In this post, we’ll connect to Twitter API, gather tweets by hashtag, compute the sentiment of each tweet, and build a real-time dashboard to show the result.
Twitter Sentiment Analysis Demo
As Twitter shut off its free API since April 2023, this demo could no longer fetch tweets from Twitter. 😢
Search Tweet only available for Twitter API v2 for “Basic” or “Pro” plans, which is at lease $100/month
You can visit another related article below for the demo of YouTube Comment Sentiment Analysis ↓
GitHub repository
You can download the complete code of the above demo in the link below:
Connect to Twitter API, gather tweets by hashtag, compute the sentiment of each tweet, and build a real-time dashboard to show the result.
Implementation
This tool would be pretty useful for business to monitor and understand the social sentiment of their brand, product or services. And I built the demo by using the Tensorflow.js Sentiment Model. If you are curious about how it is built, please follow me below and I would tell you step by step.
# Step 1 : Create a Twitter App
As we would like to pull tweets from Twitter to analyze the sentiment, therefore, we need to create an app in the Twitter’s developer platform.
- Login/Register a Twitter account
- Go to https://developer.twitter.com/en/apps
- Click Create an app
- Fill in the app information form and Create
- Once the app is created, navigate to the Keys and tokens tab
- Generate Consumer API keys and Access token & access token secret
# Step 2 : Get Tweets from Twitter
Once you created the Twitter app and generated the API Keys and tokens, it’s time to utilize Twitter’s search API to pull down some tweets that matching the hashtag you are searching for.
PHP
To make things easier, here I am referencing a PHP Wrapper for Twitter API v1.1 calls twitter-api-php. Download the TwitterAPIExchange.php from the above repository, create a queryTwitter.php with below code.
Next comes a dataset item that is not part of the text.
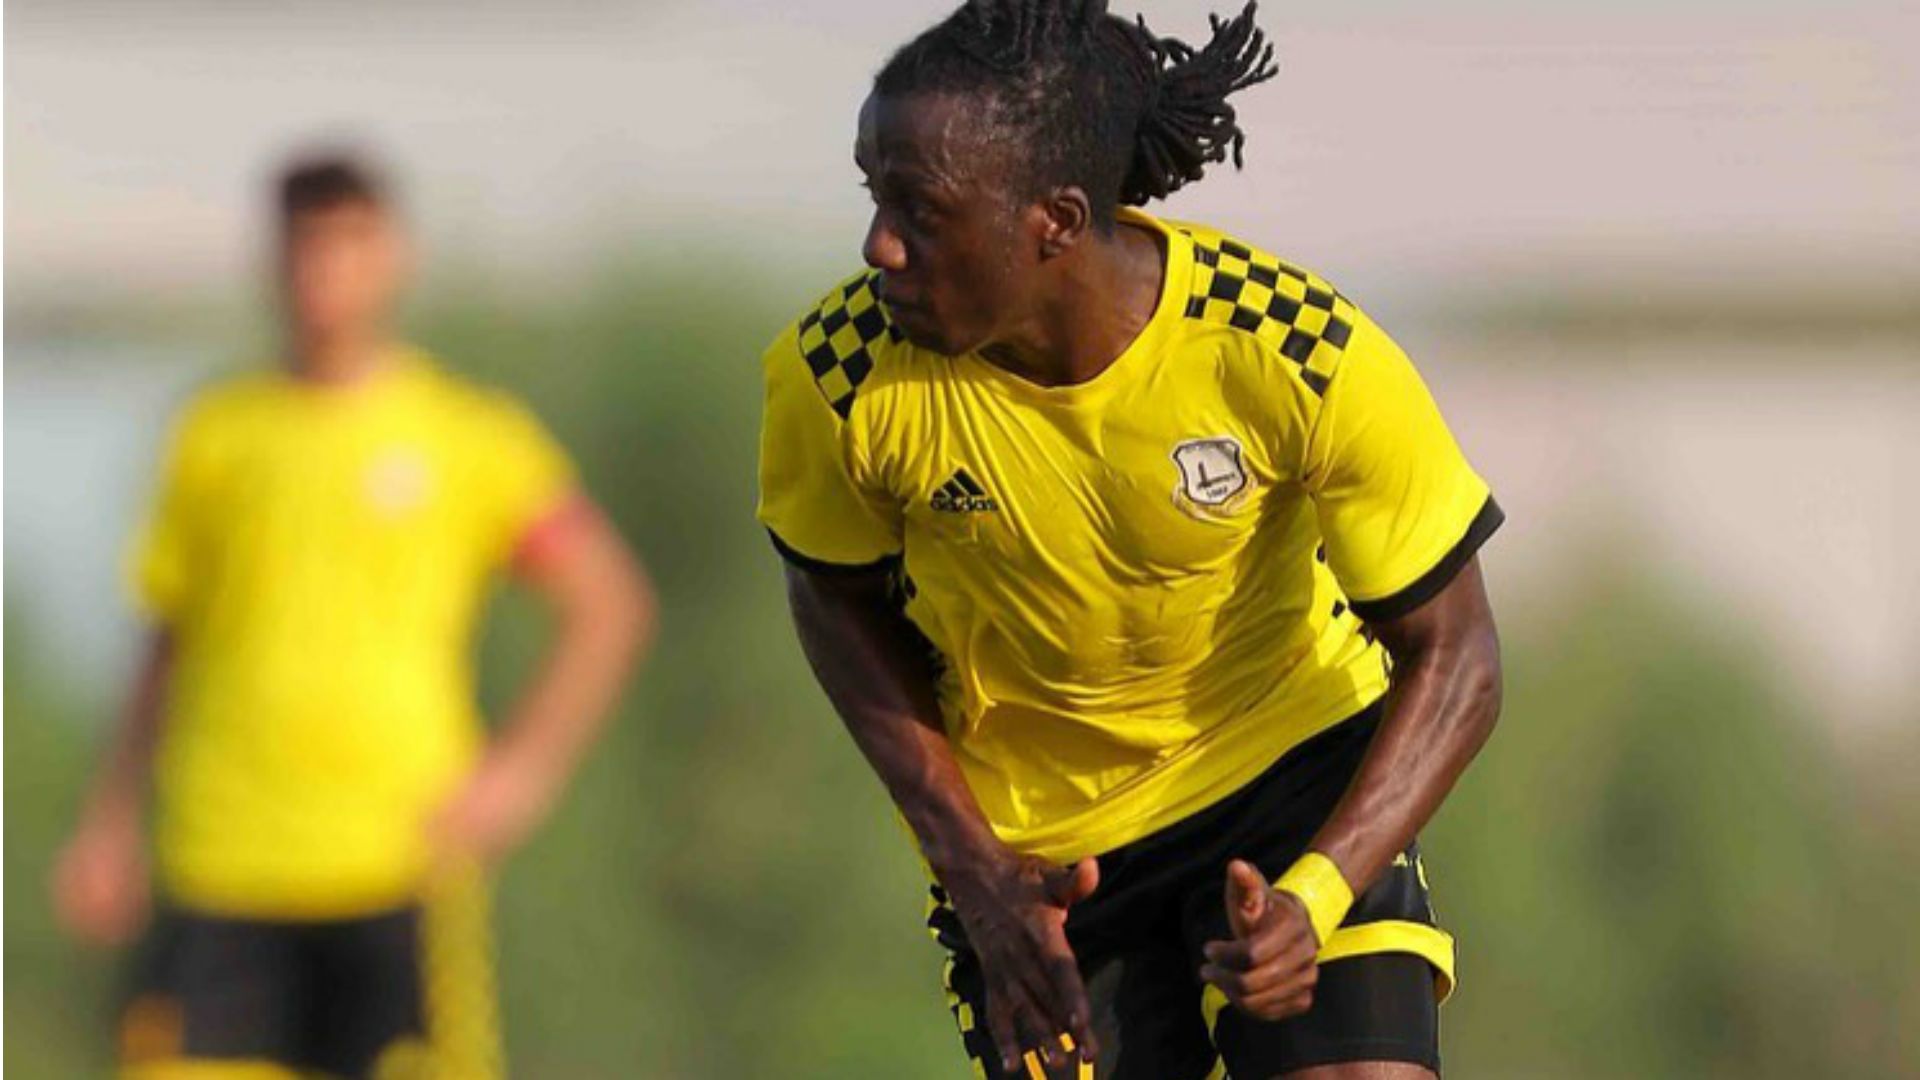 Kateregga confirms end of one-year stay at Erbil SC
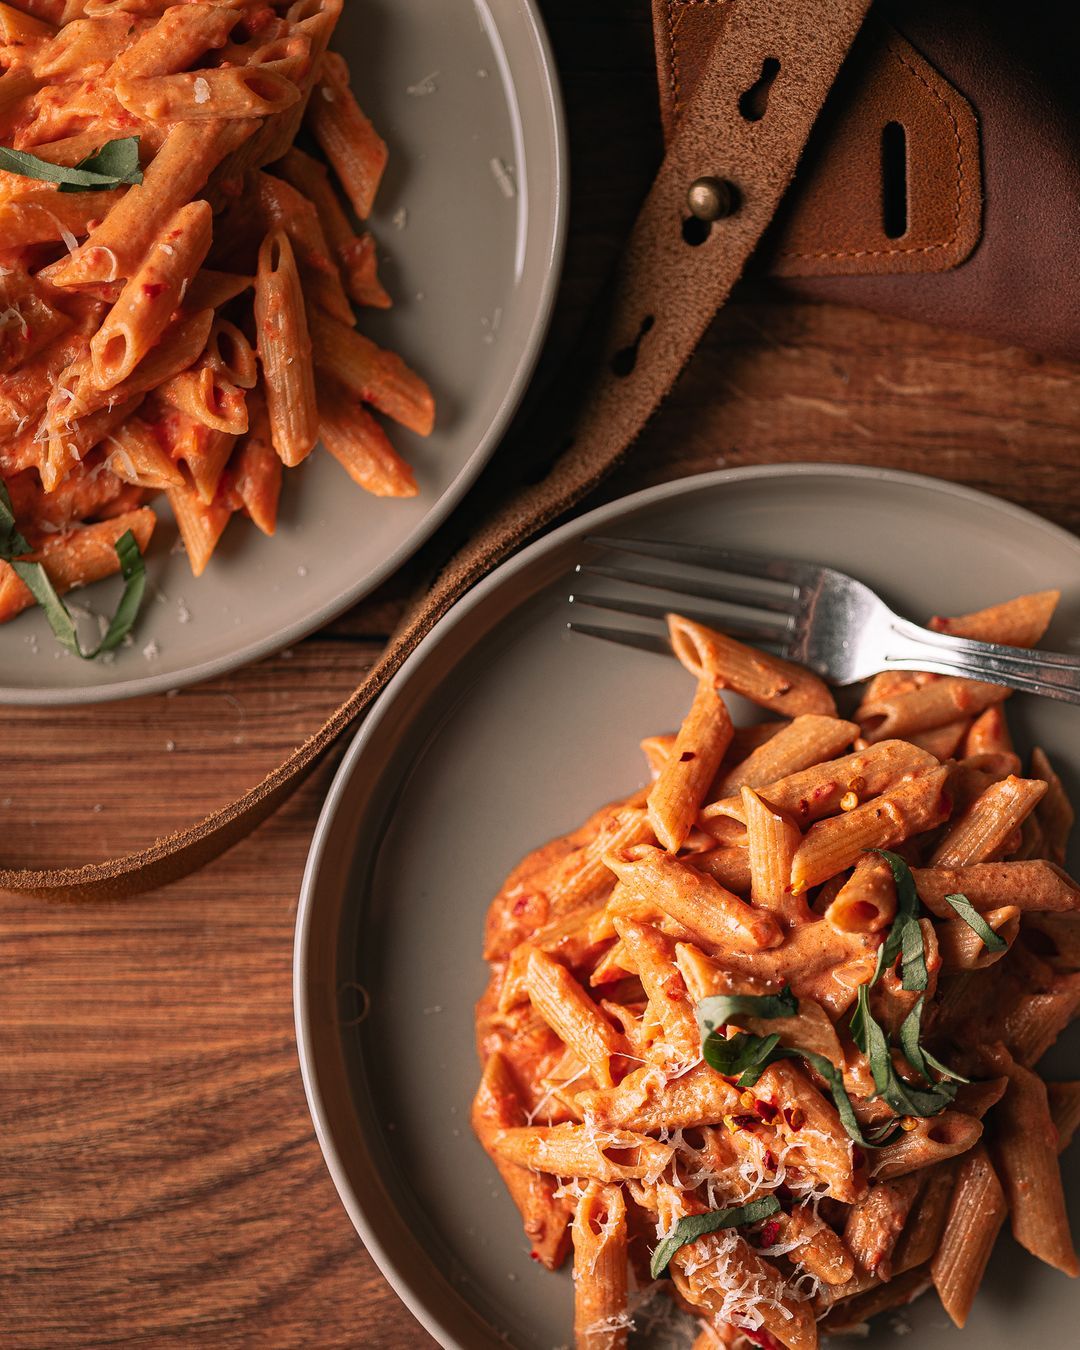 Penne alla vodka - Spicy, easy & a touch of alcohol 🌶️🤪

Make sure you replace the Twitter API Keys and Tokens with the ones you generated in Step 1.
<?php
require_once('TwitterAPIExchange.php');
$hashtag = $_GET["q"];
$settings = array(
'oauth_access_token' => "YOUR-ACCESS-TOKEN",
'oauth_access_token_secret' => "YOUR-ACCESS-TOKEN-SECRET",
'consumer_key' => "YOUR-CONSUMER-KEY",
'consumer_secret' => "YOUR-CONSUMER-SECRET"
);
$url = 'https://api.twitter.com/1.1/search/tweets.json';
$getfield = '?q=#'.$hashtag.' AND -filter:retweets AND -filter:replies&lang=en&count=20&tweet_mode=extended';
$requestMethod = 'GET';
$twitter = new TwitterAPIExchange($settings);
$response = $twitter->setGetfield($getfield)
->buildOauth($url, $requestMethod)
->performRequest();
echo $response;
?>
Javascript
Then we write javascript function to pass a request to the above php page and retrieve the tweets.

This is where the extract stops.